“殿下就算是想爲聶小姐出頭,也不至于用這麽危言聳聽吧,司家怎麽可能會跟羌笛有關系,羌笛的一舉一動,滄海國的人對其都是恨極。”
司雲雪接着道:“我們司家世代生活在韶山鎮,你們總不能說是我們司家也是羌笛人安插的吧,殿下爲了給聶小姐對付看不順眼的人,還真是費盡心思。”
司雲雪說這話可謂是真情實切,畢竟司家确實是沒有和羌笛扯上關系。
卻沒想到一直沉默的聶嬌嬌突然拿出一張通緝令,上面有一個女子的畫像,笑着道:“你應該見過這個女子吧。”
“或許還有一個男人,前段時間受傷被查的男人。”
聶嬌嬌的話讓司雲雪臉色一變再變,但還是固執的開口:“我不知道你在說什麽。”
“他們可能沒有告訴你,這個女子她是羌笛小國的公主,她的母國被滅,來滄海是爲了複仇,而那個男人,一而再再而三的刺殺殿下,對付我,你和這樣的兩個人糾纏在一起,你覺得你無辜嗎?”

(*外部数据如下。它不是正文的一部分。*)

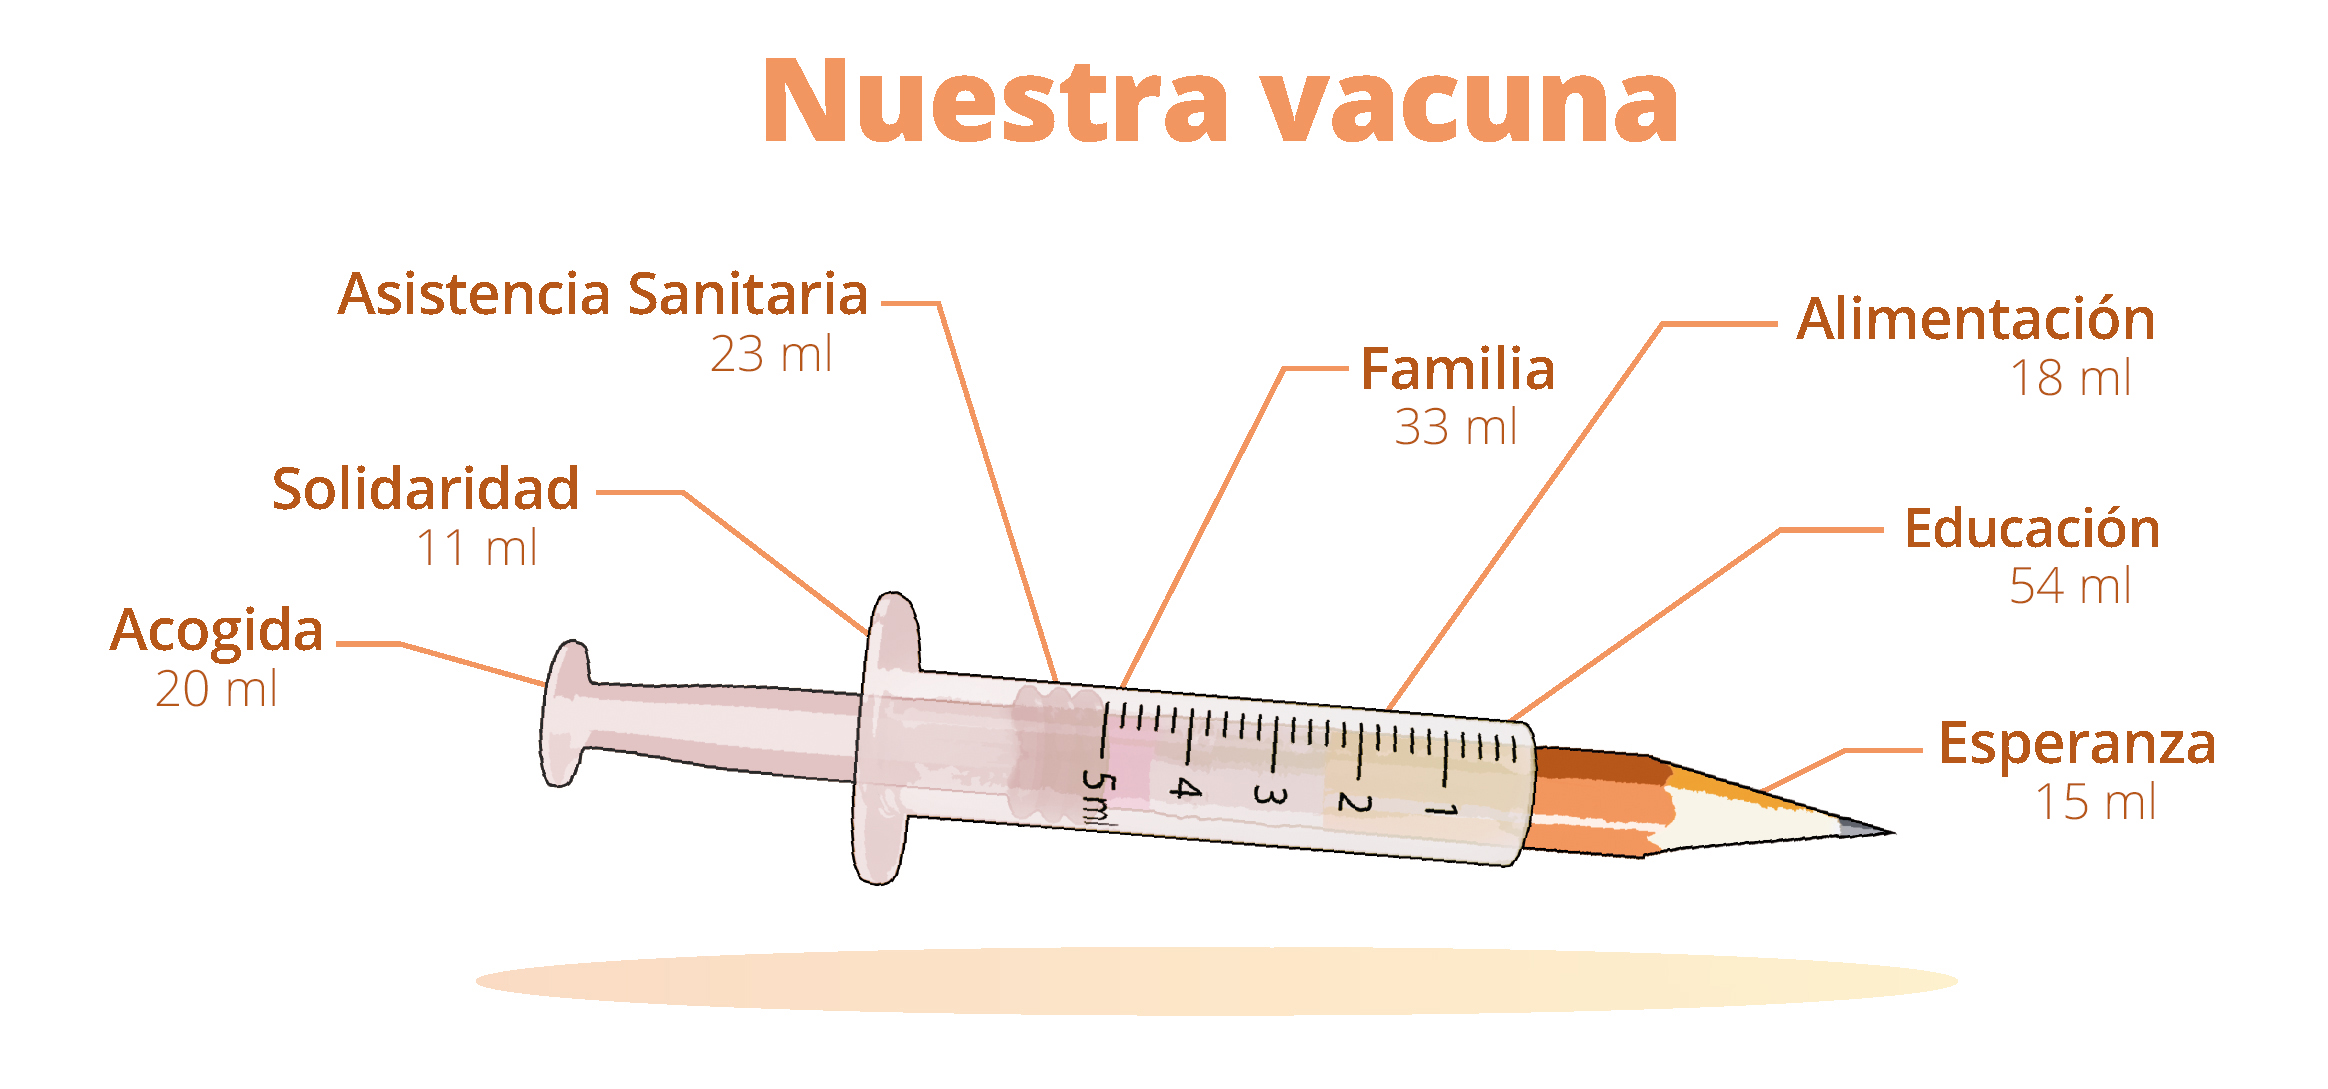 La mejor vacuna contra la pobreza

司雲雪依舊沉默,心裏卻忍不住動搖:這不可能啊,那兩個人怎麽會……
“不然你覺得他們爲什麽要針對我和殿下,嗯?”聶嬌嬌嘲諷的笑笑,看着司雲雪的目光像是在看一個小醜。
“司雲雪不想說,你們也不想說嗎?你們應該知道這罪名有多大。”聶嬌嬌視線掃在衆人身上。
司家家主想要說些什麽,司雲雪卻迫不及待的反駁道:“我說了司家是無辜的,我們什麽都沒做,不過是你不喜歡我,所以想要除掉我。”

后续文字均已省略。